What was there not to be impressed? We had eight Ontario hospitals participate and some who could not attend attend due to timing conflicts received a package. The bittersweet irony was that Ontario Long Term Care called and stated great idea but because it is free we just “don’t know what to do”. Despite the setback I continued to contact physicians across Canada and sent the info package.

Well, something must have worked because my wait time in the Toronto General Hospital or better known as TGH was only 30 mins and I was sent directly to a room. The waiting room was even clean and I noted it was divided into two sections of triage those registered and those waiting to be registered.
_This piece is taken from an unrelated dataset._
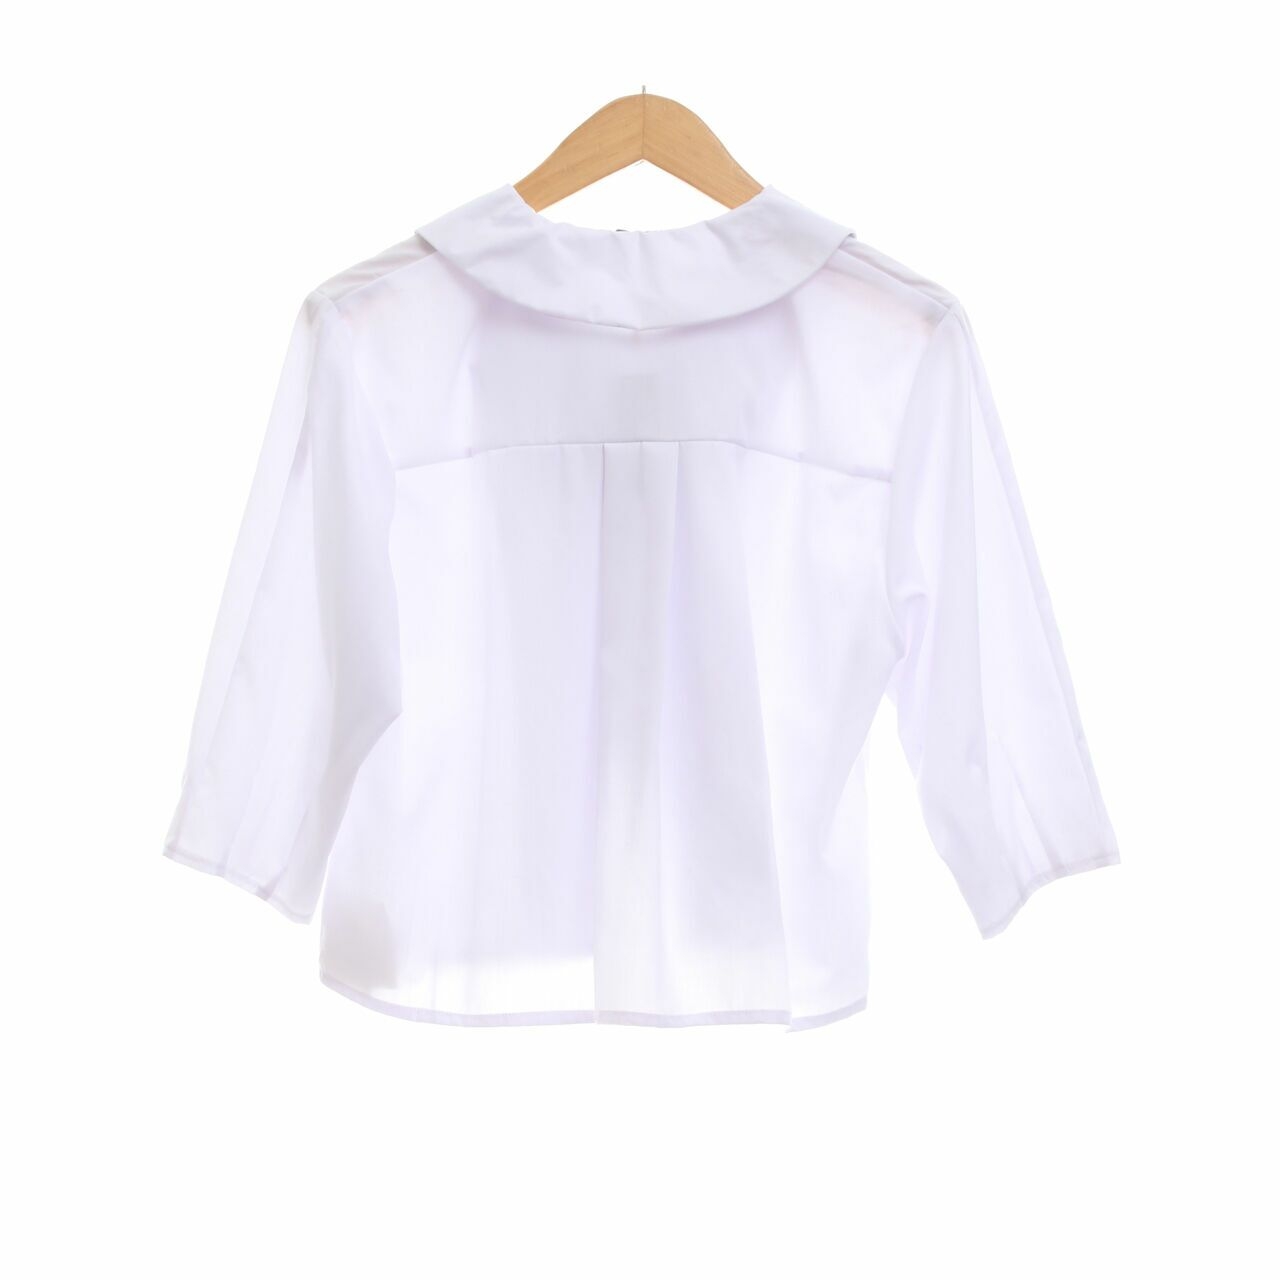 Grinitty White Shirt

I was pleased with the prompt care, diagnosis and treatment. The staff did not appear hurried although one nurse thought I was a renal transplant without checking my ID band and the ER physician, Dr Salmon who was professional was running out the door when I tried to ask a question. This is one reason why I like to pay directly for care at the Mayo because then there is more of a customer patient service. This caused some problems when the pharmacist had to call back the doctor to clarify a medication as it was contraindicated as an allergy on my alert. I hate clogging up the system.

I had to chuckle when I heard a nurse in the next room telling the patient  to order pan medication because she is paying for it anyway through OHIP- it is free. So don’t hold back.

I was impressed when I left the ER well under 8 hours with my prescription in hand to see a room off to one side with big words, “Rapid Assessment” and that helped eased the clogging with triage. I am sure this was part of our input from the symposium as our diagrams clearly indicate this process, although I never knew until I was again, the patient who is the real test.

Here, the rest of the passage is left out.